Getting Sampling and flipping records Right
Sampling and flipping records is one of those skills that separates demos from finished records. This walkthrough breaks it into concrete moves you can practice today, whatever genre you work in.
If you want references, funk on Track Pitch is a fast way to hear how current records handle it.
The Approach
Begin with intention. A strong sampling and flipping records choice starts from the emotion you want the listener to feel, then works backward to the technical decisions that deliver it.
Begin with intention. A strong sampling and flipping records choice starts from the emotion you want the listener to feel, then works backward to the technical decisions that deliver it.
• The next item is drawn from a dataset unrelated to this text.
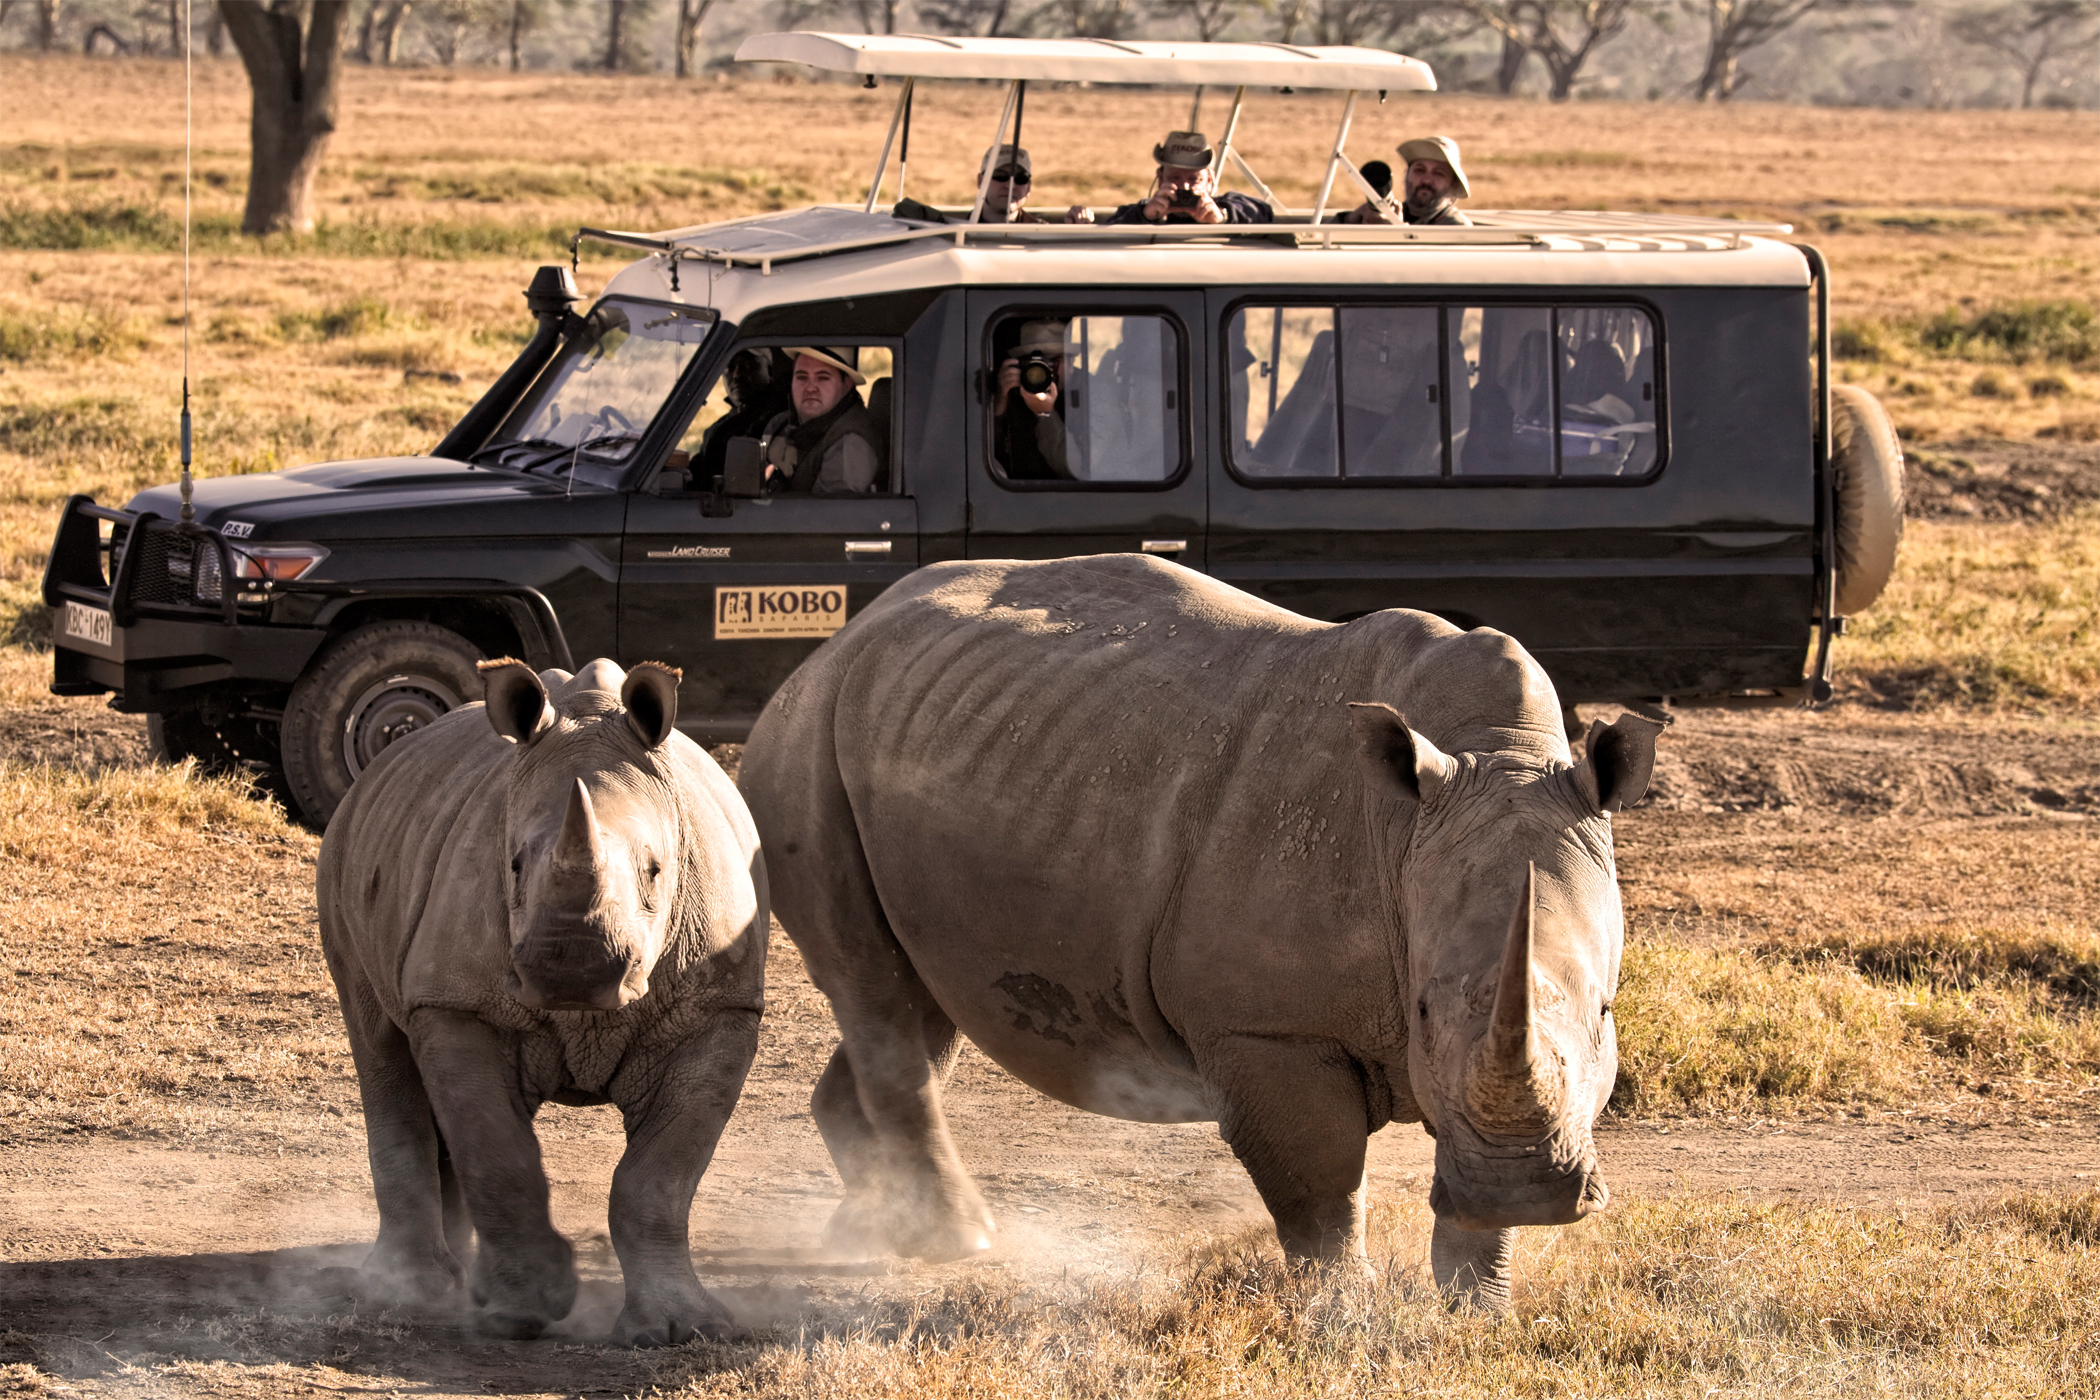 Rhinos in Nakuru National Park in Kenya.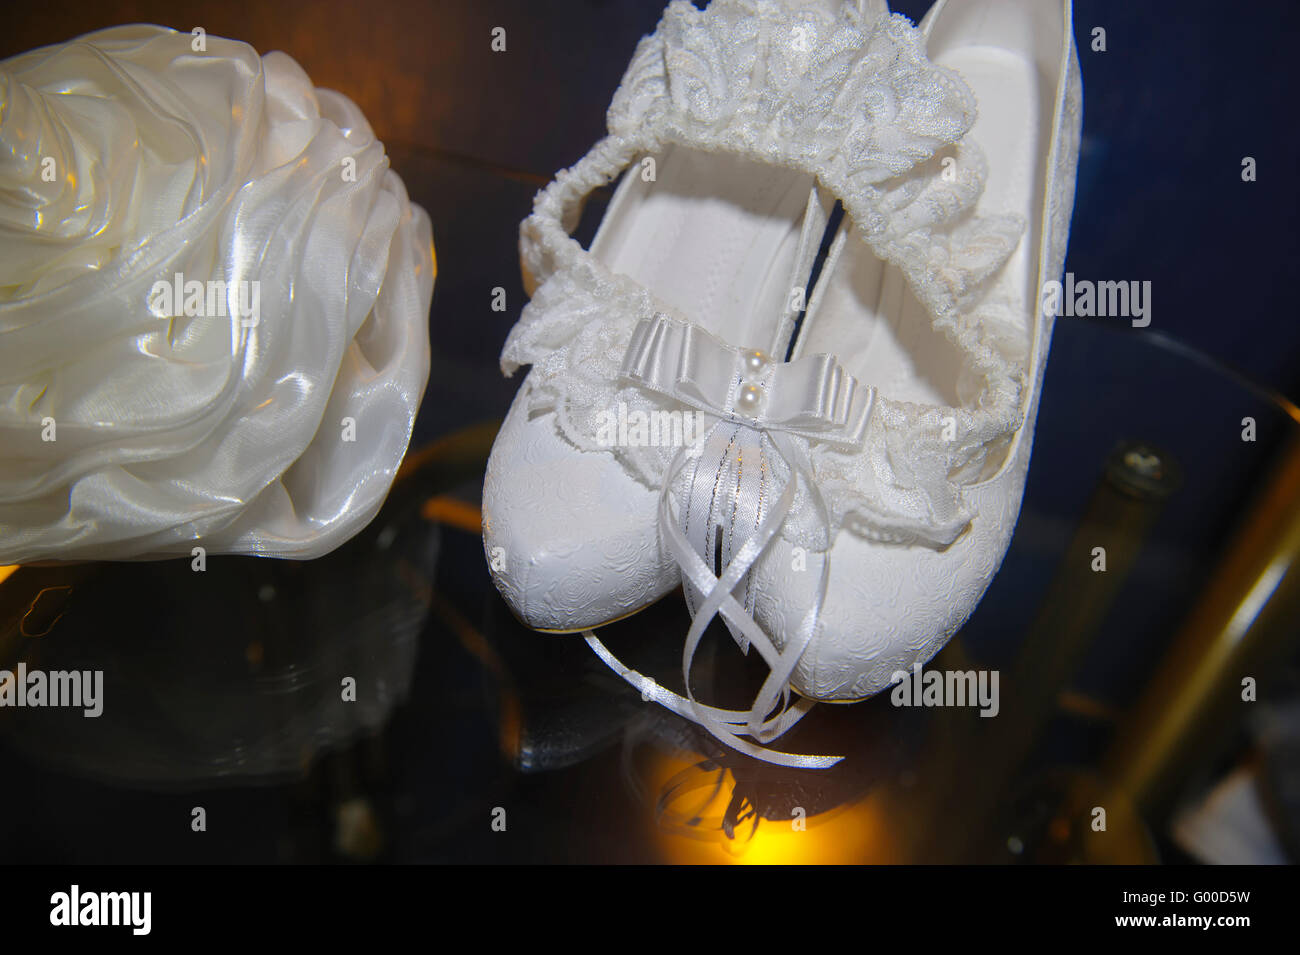 schöne weiße Braut Handtasche und Schuhe auf dem Tisch Stockfoto

Study references with your ears, not your eyes. Pull three tracks you admire and reverse-engineer how they handle sampling and flipping records before you commit to your own approach.
Common Mistakes
The most common pitfall is doing too much. Subtraction usually beats addition; the cleanest fix for a muddy sampling and flipping records is removing what is fighting for the same space.
The most common pitfall is doing too much. Subtraction usually beats addition; the cleanest fix for a muddy sampling and flipping records is removing what is fighting for the same space.
From Technique to Released Music
A skill is only worth something once it is in finished tracks people hear. When your record is done, use the artist directory to find collaborators and curators, and discover new artists to reach the listeners most likely to care.